What needs to be done: Copy exactly the lines of the data below, beginning with the line with "Invincible After a" and ending with the line with "Cruz Farms offered". Pictures are to be omitted.

Given records:
"""

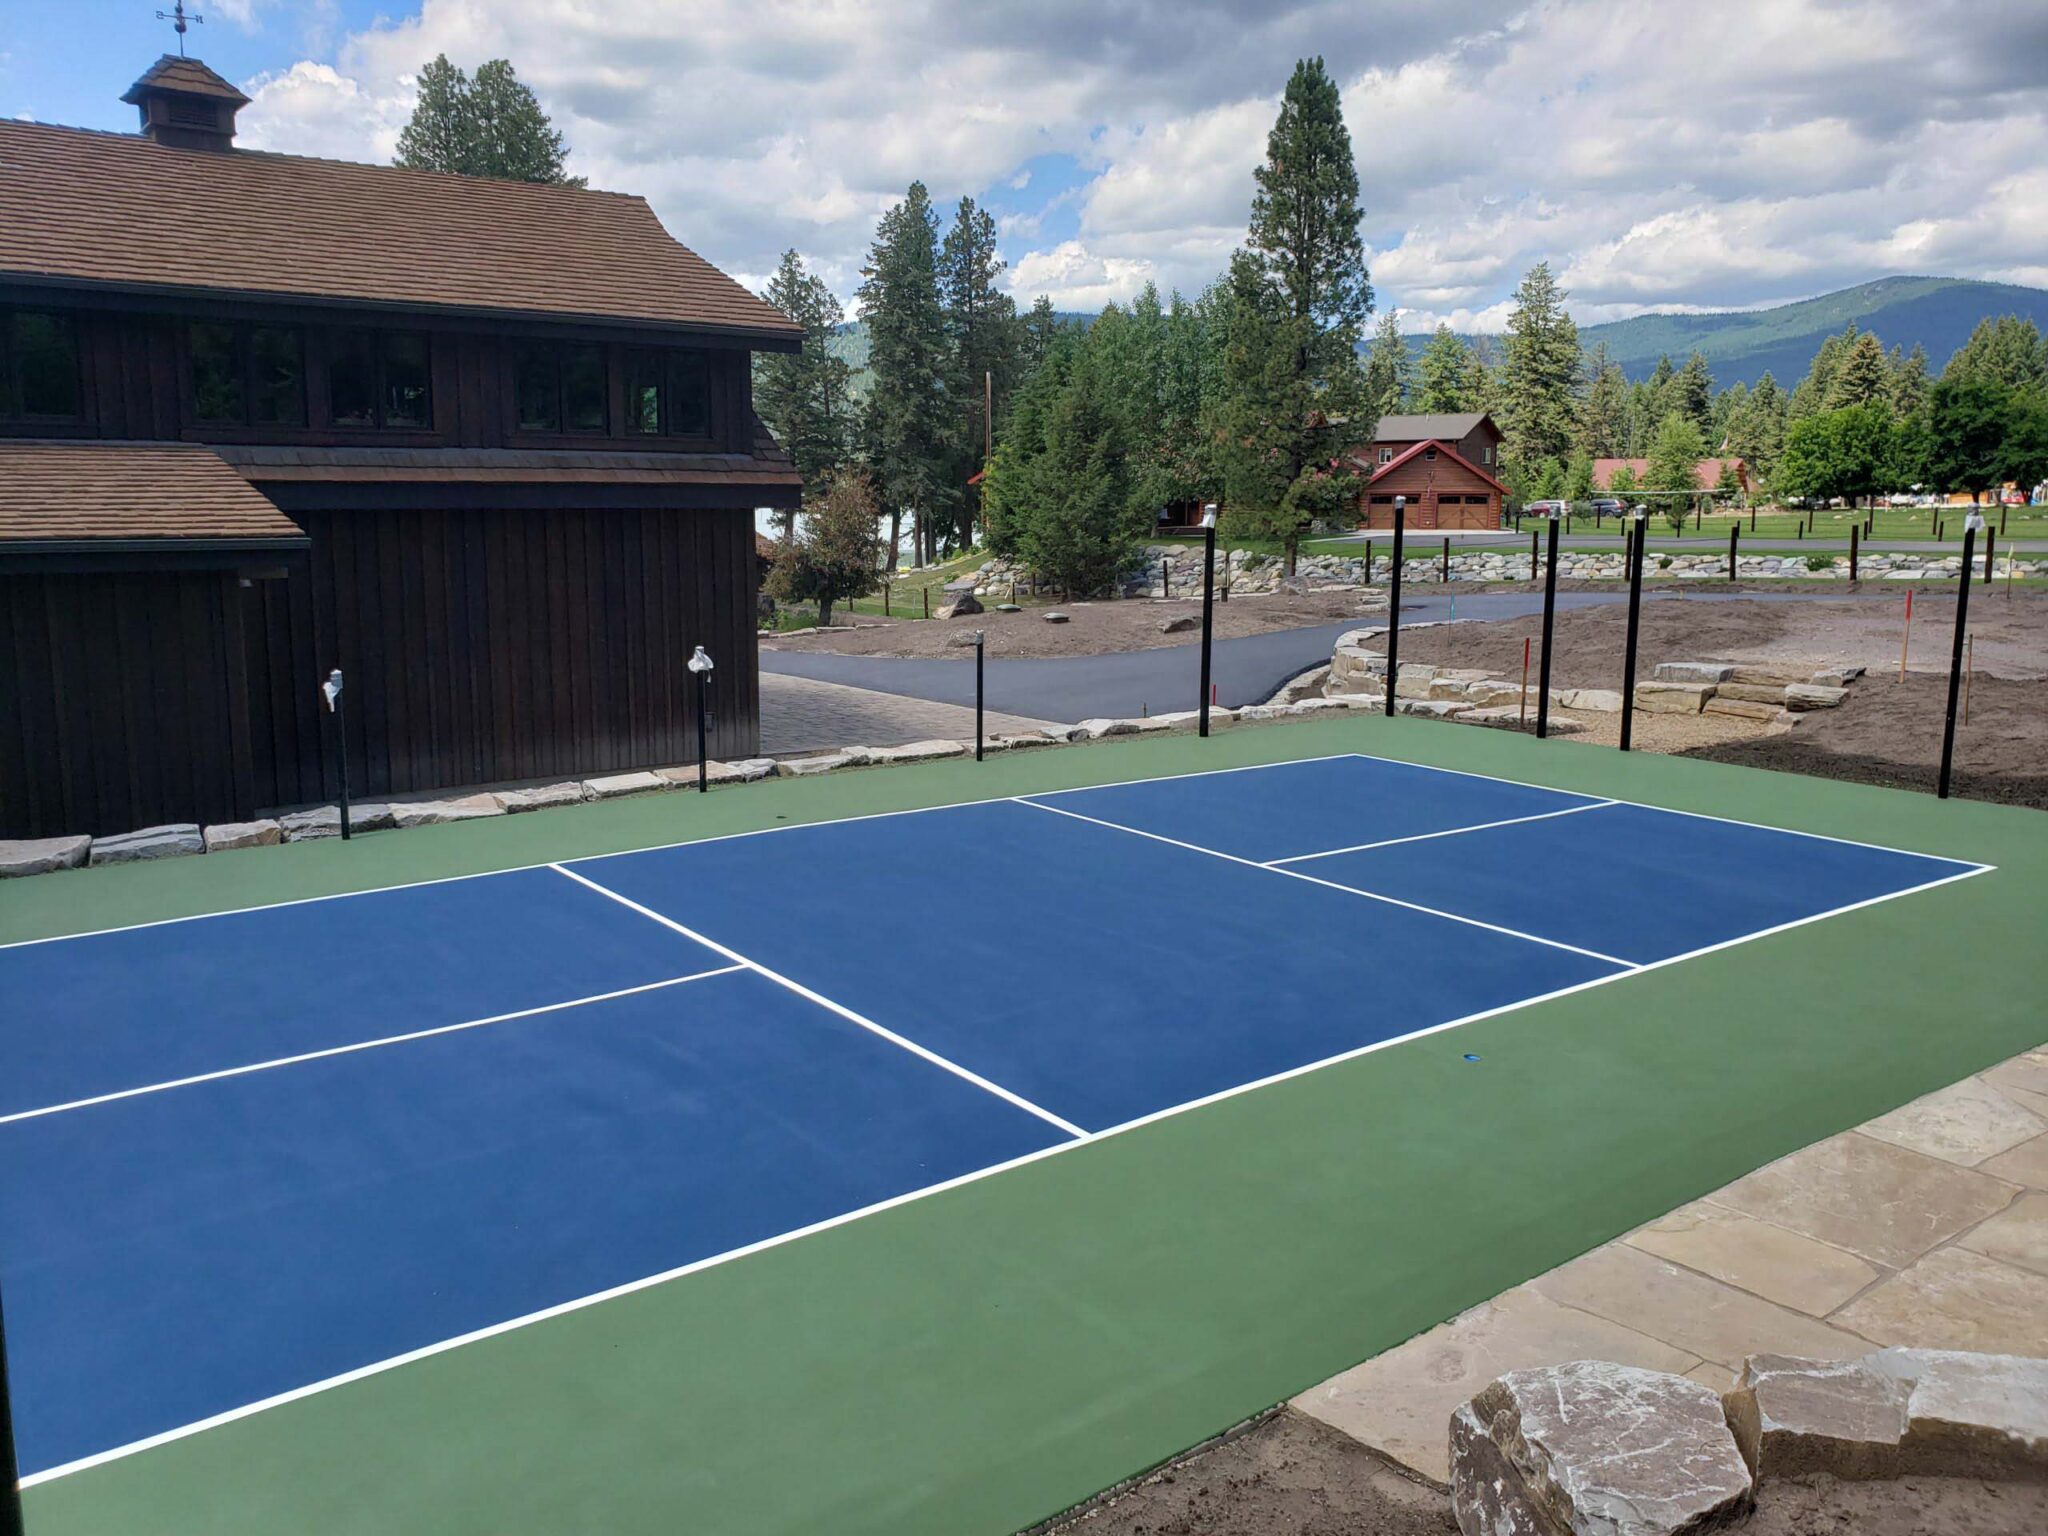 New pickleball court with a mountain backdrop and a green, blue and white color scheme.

"""
"""

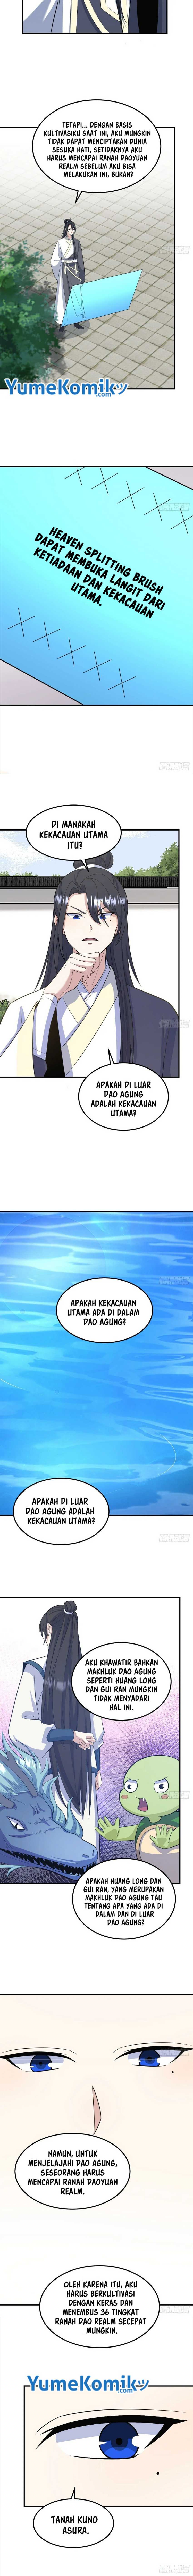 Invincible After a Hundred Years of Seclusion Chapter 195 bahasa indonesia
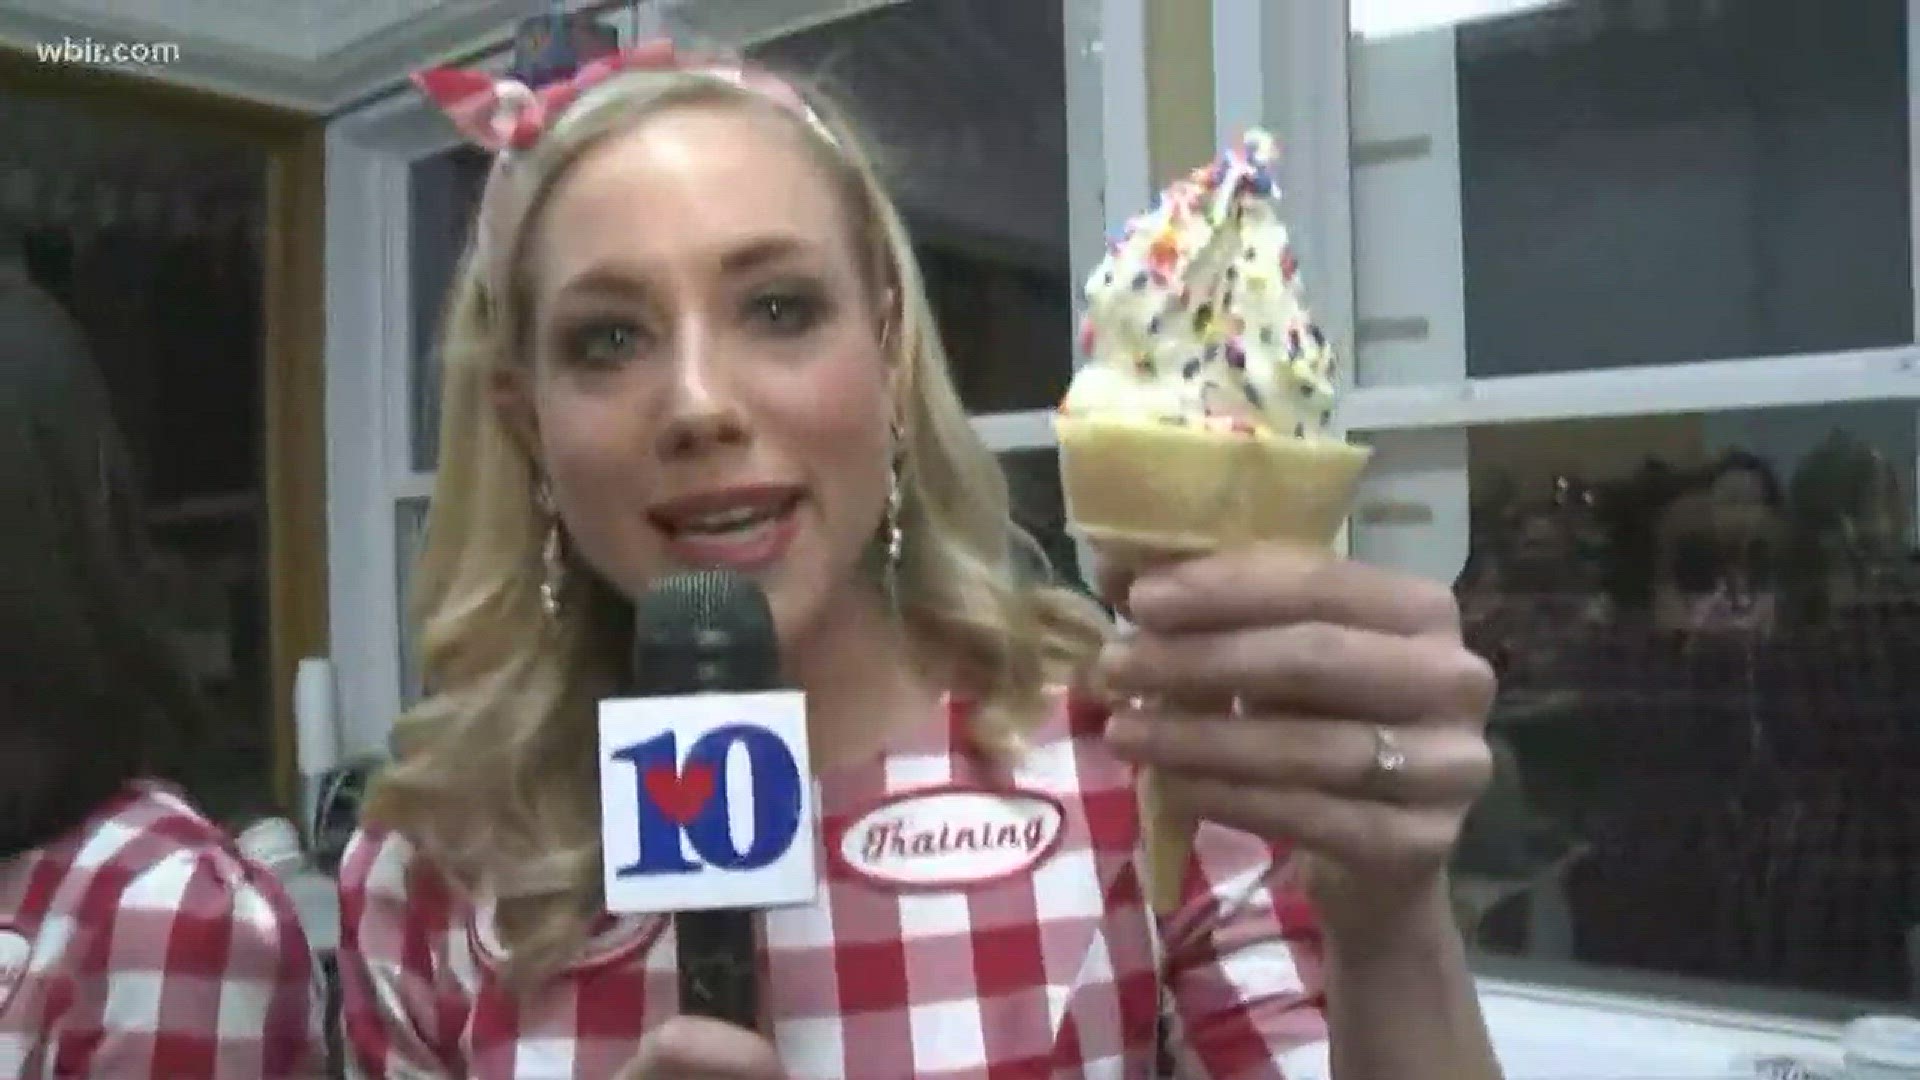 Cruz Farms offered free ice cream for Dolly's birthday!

"""

Answer box:
 Invincible After a Hundred Years of Seclusion Chapter 195 bahasa indonesia
 Cruz Farms offered free ice cream for Dolly's birthday!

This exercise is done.